27. Are Arctic Foxes Endangered – Arctic Fox Endangered
- No, the world population of Arctic foxes is not endangered.
- However, their two subpopulations that are endangered are in the:
- Medny Island or Commander Island (Russia)
- Fennoscandia (Kola peninsula, Finland, Sweden, Norway)
Why Are Arctic Foxes Endangered – How Are Arctic Foxes Endangered
- Arctic foxes are not endangered on the IUCN Red List.
- In Medley Island and Fennoscandia, their population is endangered due to several factors.
- In the early years of the 20th century, Arctic foxes were severely hunted for the fur trade in Fennoscandia. It caused a drastic decrease in their population, which is still not recovered. The total population of Arctic foxes in Fennoscandia is only about 140 individuals.
- Diseases are also a threat to their survival. In Medny Island, a skin disease known as ‘Mange’ caused by a parasitic mite is the major reason for Arctic fox’s endangerment.
- While climate change is another threat, which causes the spread of the red fox (Vulpes vulpes) population to their territory in some regions.

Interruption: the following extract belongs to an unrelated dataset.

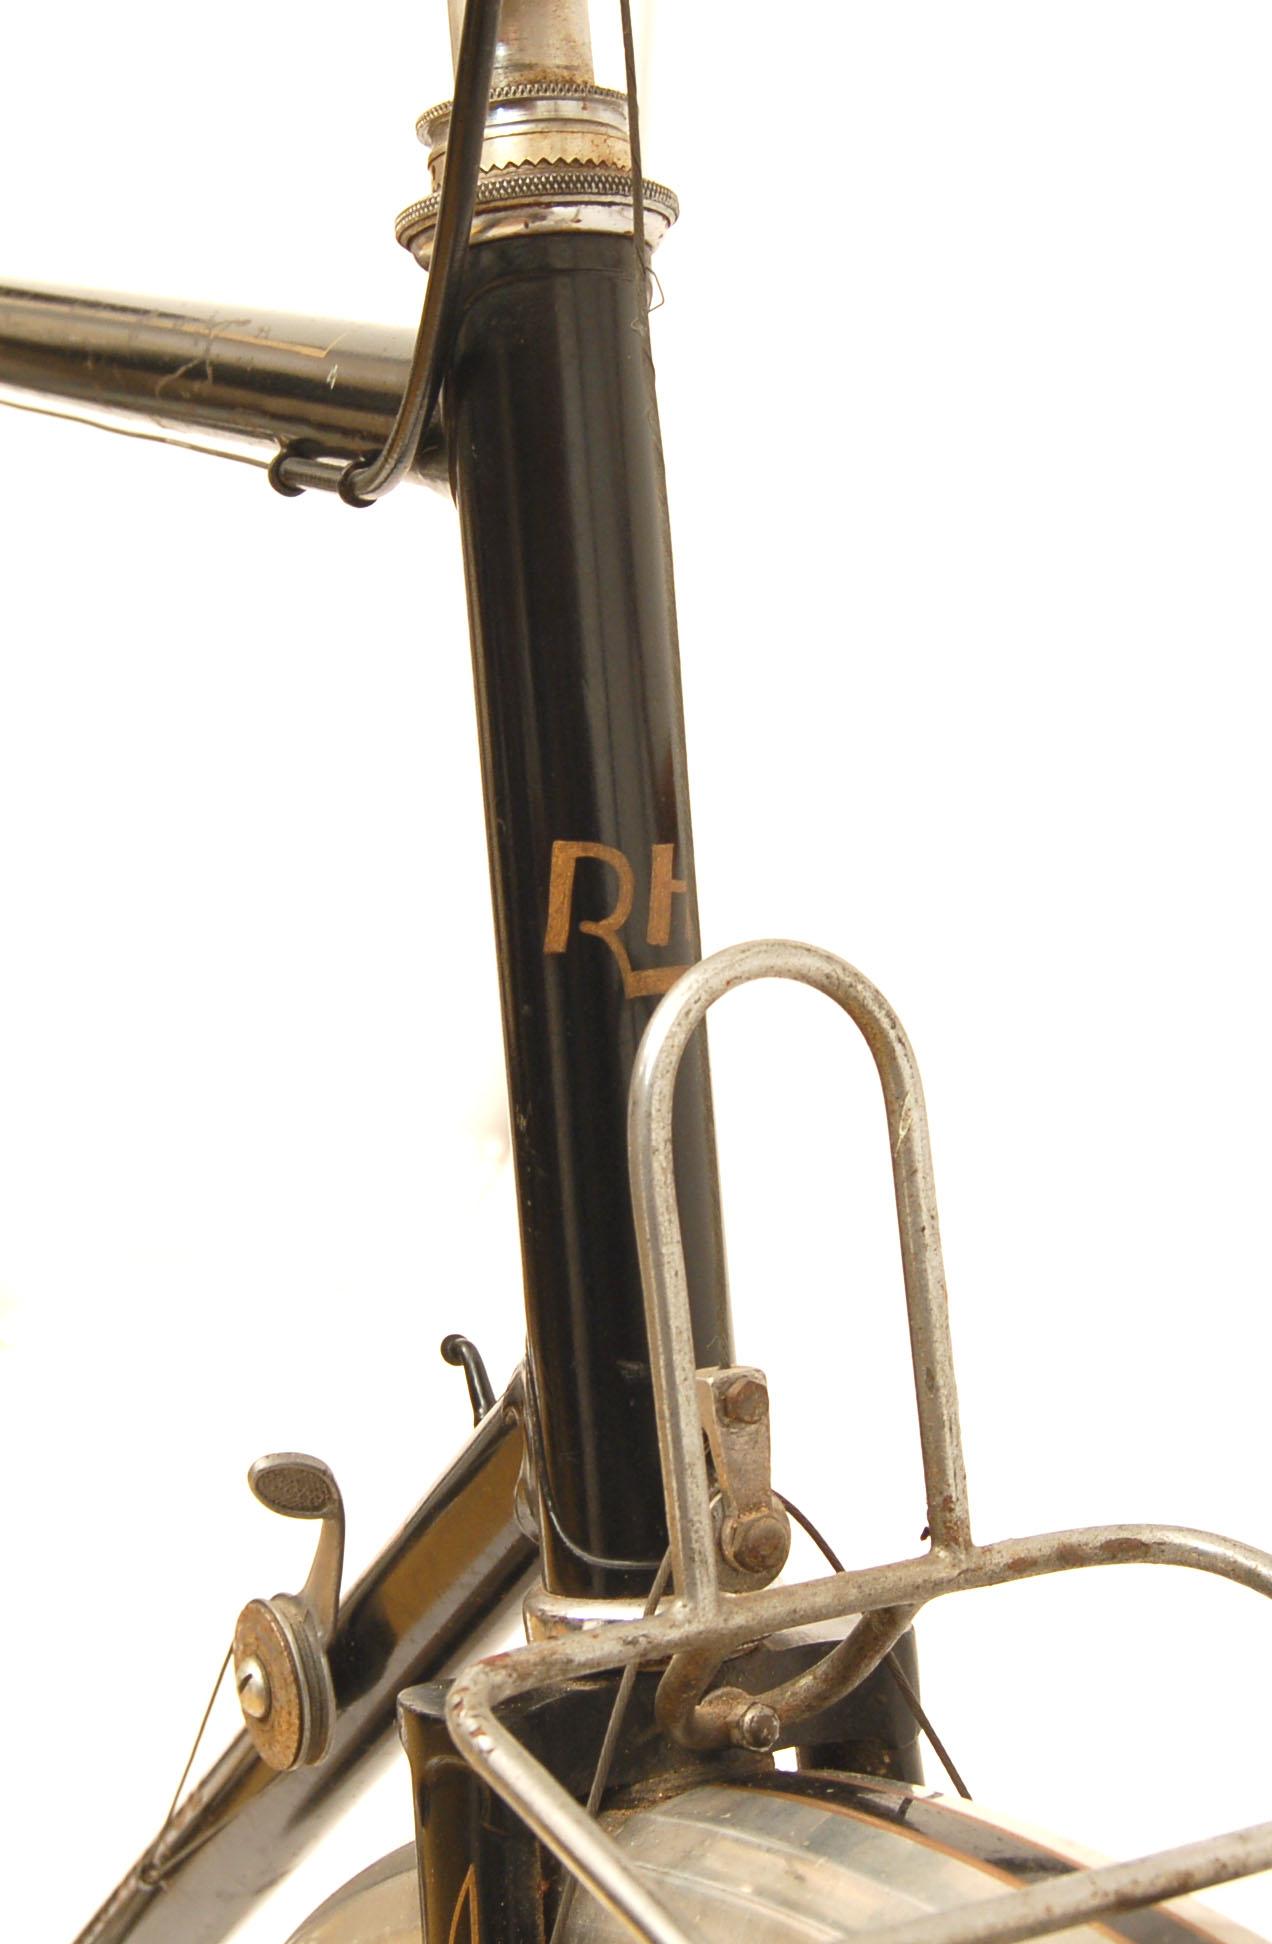 Rene Herse bicycle vélo René Herse

Arctic Fox Conservation Status
- The conservation status of Arctic fox on the IUCN Red List is “Least Concern”.
28. Why Are Arctic Foxes Important
- Arctic foxes are important because they keep the population of lemmings and other rodents in control.
- They are itself an important prey for the large carnivore animals found in their habitat region.
- Their presence and thriving is an indicator of the healthy ecological system of the region.
29. Arctic Fox Population
- The exact population of Arctic fox is unknown.
- However, their total population is estimated as several hundred thousand individuals.
30. Arctic Fox Books
- The following are some of the popular books written on the Arctic fox:
- ‘Arctic Fox’ by Katie Marsico
- ‘Arctic Fox: Very Cool!’ By Stephen Person
- ‘Arctic Fox: Life at the Top of the World’ by Garry Hamilton
- ‘The Arctic Fox’ by Mary Ellis
- ‘Arctic Fox’ by Dee Phillips
- ‘A Day in the Life: Polar Animals’ by Katie Marsico
31. Arctic Fox Fun Facts For Kids – Arctic Fox Interesting Facts
- In Iceland, the Arctic fox is the only indigenous land mammal.
- The Arctic fox has the best insulating fur in all mammalians.
- Arctic foxes can regulate the temperature in their paws independently from their core body temperature.
- The coat color of the Arctic foxes indicates where they are most likely to be found. The white form mainly lives inland and blends in with the snow while the blue morph inhabits the coasts and blends in with the rocks and cliffs.
- Migratory Arctic foxes have a 3 times higher mortality rate than resident Arctic foxes.
- Old Arctic foxes commonly show nomadic behavior.
- An Arctic fox can smell the frozen lemmings under 17 to 30 inches of snow.
- They can also smell the carcasses left by wolves or polar bears from a distance of 10 to 40 km.
- Arctic foxes reproduce in dens, which have an extensive system of tunnels. They usually choose the dens that have faces towards the sun to stay warm.
- Arctic foxes are monogamous and most of the mates stay together for life.